Изменений и в Будапеште, и Вене, и в Париже было много, и большая часть внушала оптимизм. Фернан Бродель недаром использует понятие «взлет» для описания той трансформации, что переживала Европа в XIX веке[47]. Не всем были очевидны глубинные основы происходивших изменений, и не каждый горожанин связывал наглядные процессы урбанизации с индустриализацией, с этапами промышленной революции, например, с переходом в производстве металла с древесного угля на каменный уголь. Но менялось и то, что близко: вещественное наполнение окружающего мира и самое устойчивое – бытовые привычки. Менялась ежедневная обыденная среда и сама технология повседневной жизни.

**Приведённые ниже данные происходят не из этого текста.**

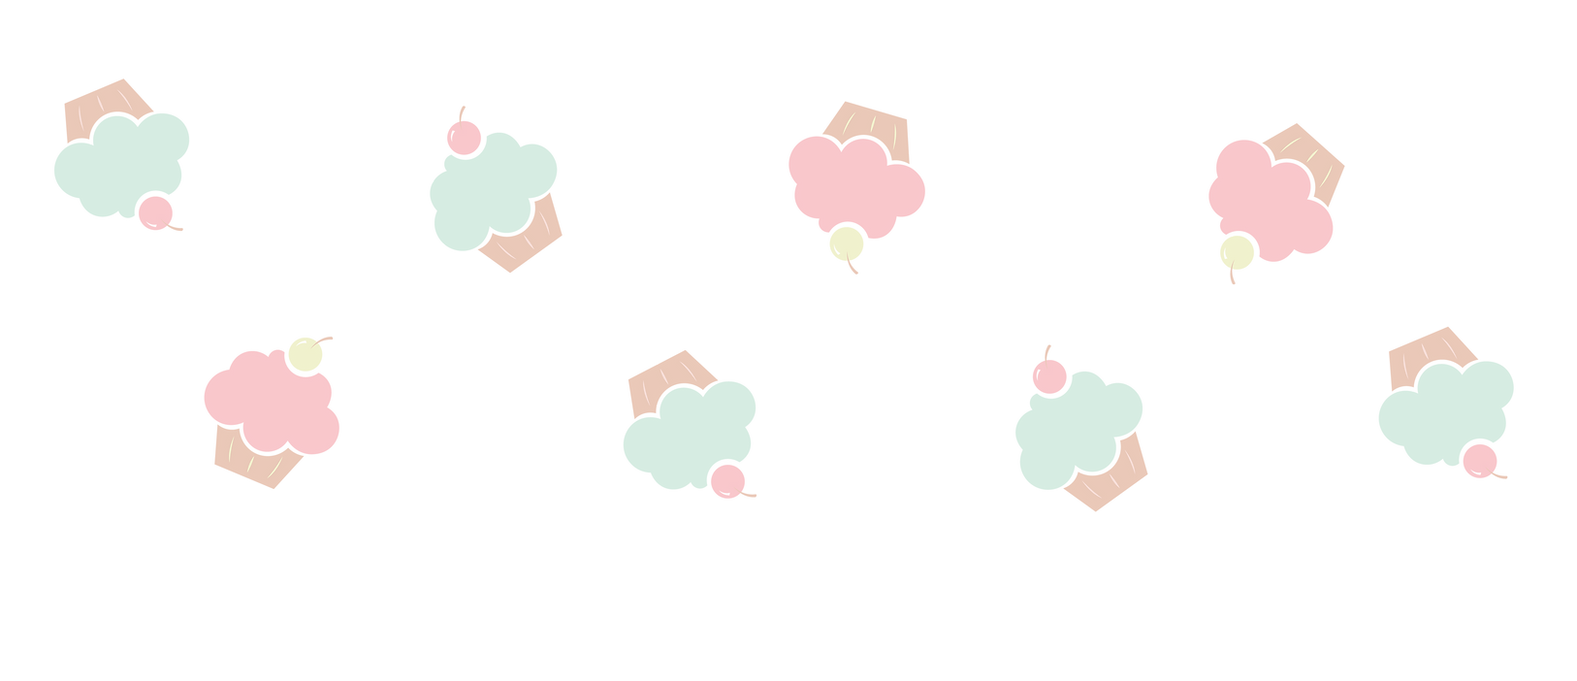 Cupcake pattern transparent-01.png

«Комфорт проникал из дворцов в доходные дома; теперь воду не надо было таскать из колодца или канала, тратить силы, растапливая печь; повсюду воцарилась гигиена, исчезла грязь»[48]. Пожалуй, что касается «повсюду», то Стефан Цвейг несколько преувеличил задним числом. Будапештские доходные дома, выглядящие как дворцы, потому и имеют внутри обязательный дворик, поражающий приезжих тишиной и уютом, что строились нередко без водопровода и канализации, отапливались дровами и углем. Дворик с фонтаном посередине сейчас выглядит как место отдохновения; тогда он был вместилищем дровяного склада и тех никем не описанных и не зарисованных строений, откуда приезжавшие золотари вычерпывали содержимое выгребной ямы.

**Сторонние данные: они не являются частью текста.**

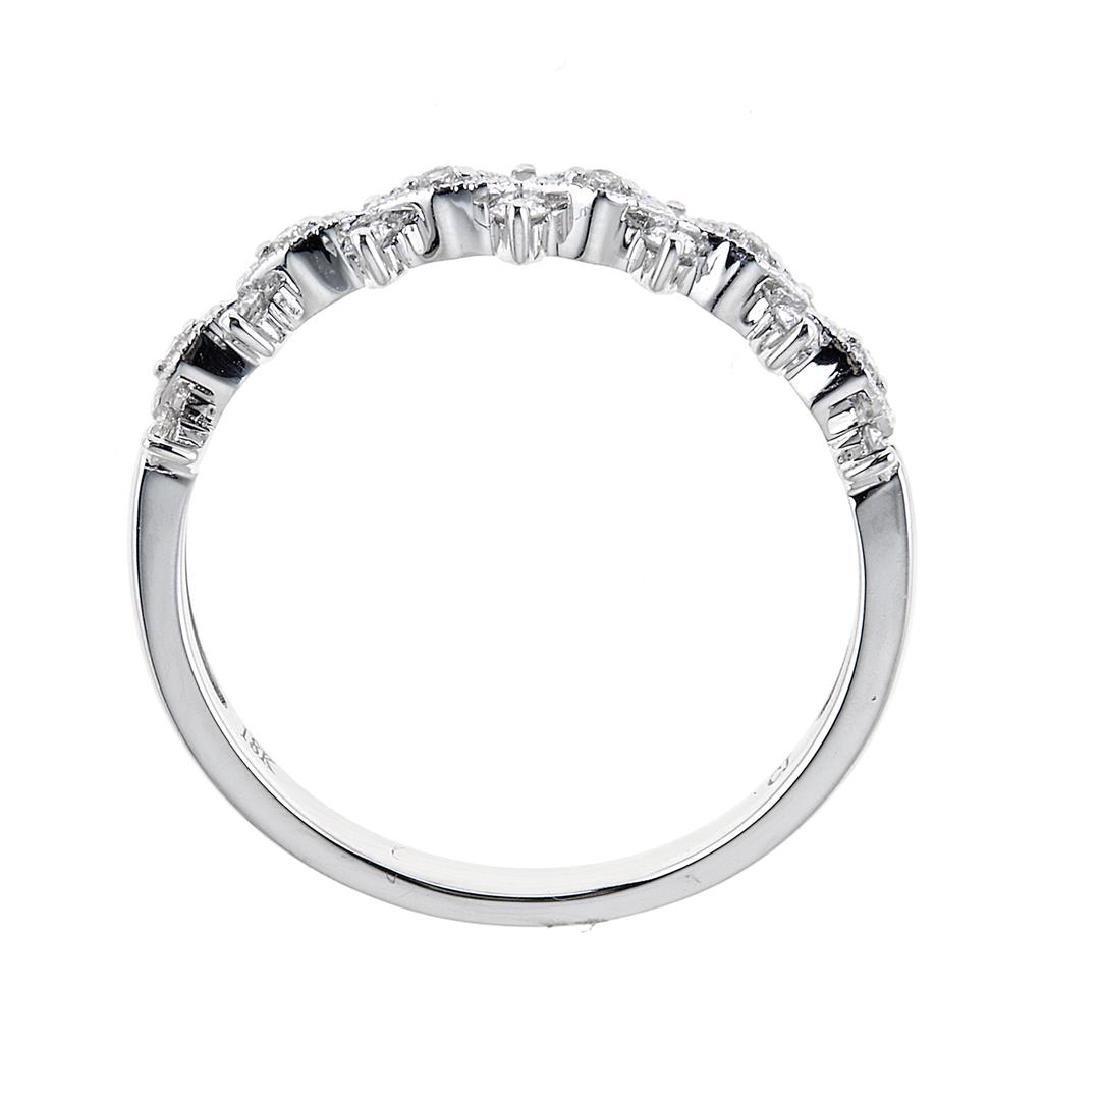 0.25 ctw Diamond Ring - 18KT White Gold - 2

«…Однако настоящим «вторым домом» для горожанина, где он мог рассчитывать на приятную компанию и задушевную беседу, мог поиграть на бильярде, в шахматы или в карты, просто послушать международные или местные новости за чашкой кофе или стаканом воды, – пишет Ласло Контлер, – была кофейня. Многие люди едва ли не всю свою жизнь проводили в разговорах о политике, искусстве, литературе, о повседневности, листая газеты, журналы и даже энциклопедии в этих очень своеобразных общественных заведениях, которых в 1896 году только в Будапеште насчитывалось более 600 и почти 1,4 тысячи – по стране»[49].

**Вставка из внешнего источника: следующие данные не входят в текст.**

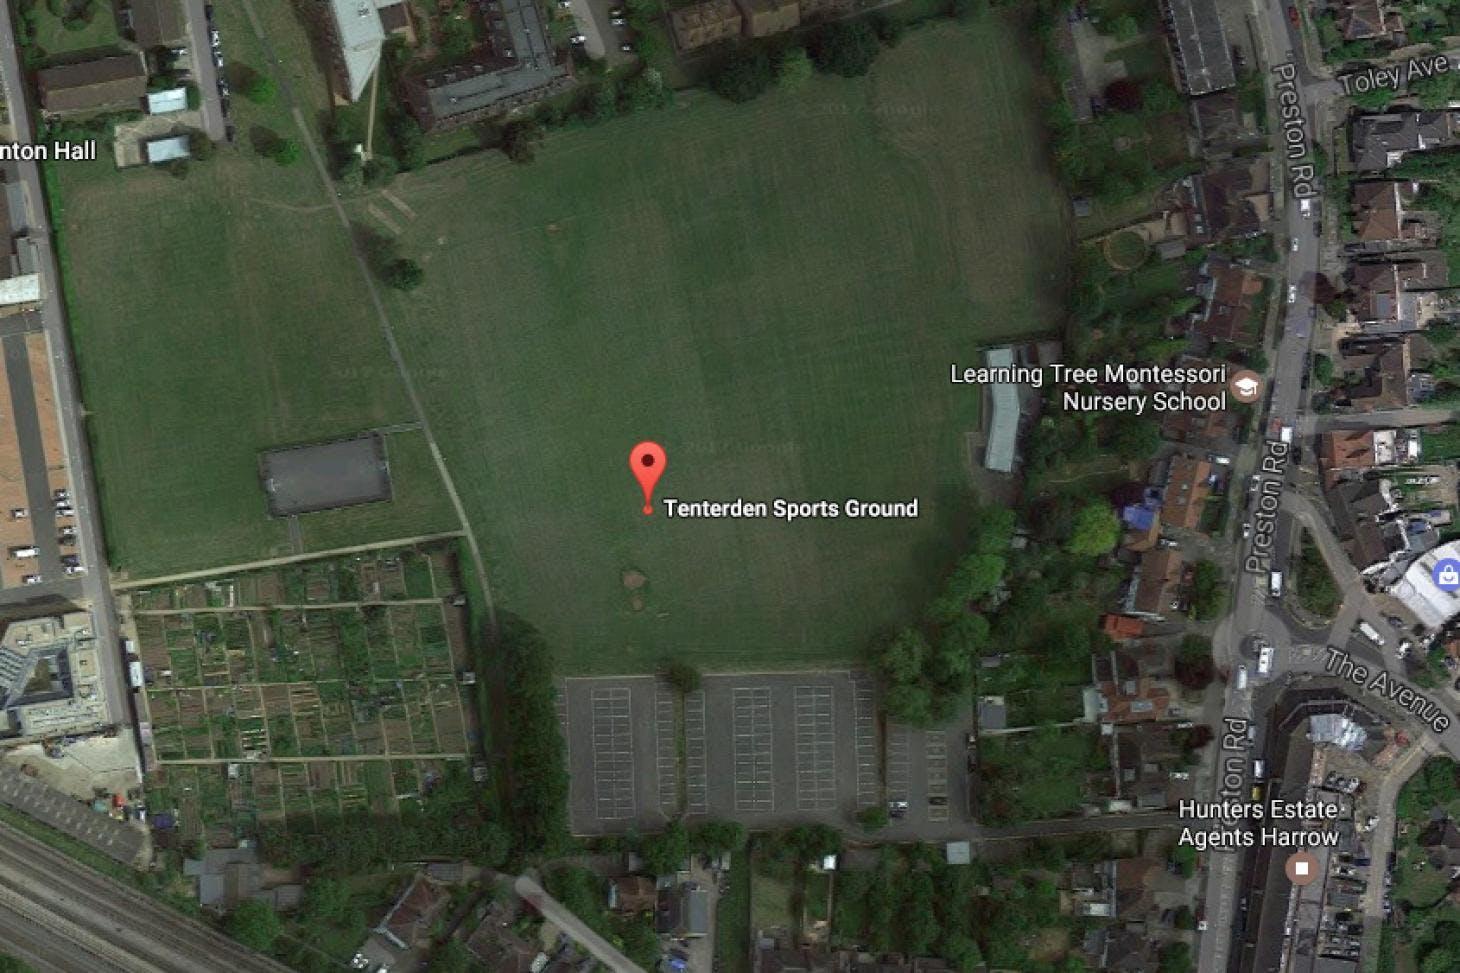 Tenterden Sports Ground 11 a side | Grass football pitch

Журналист и детский писатель Адольф Агаи, работавший в те же времена, процитировал некоего путешественника, заметившего по поводу колоний, что американец, где бы ни поставил ногу, первым делом строит школу, англичанин – церковь, француз – театр, и если бы где-то в мире были венгерские колонии, то там первым делом строились бы, конечно, кофейни[50].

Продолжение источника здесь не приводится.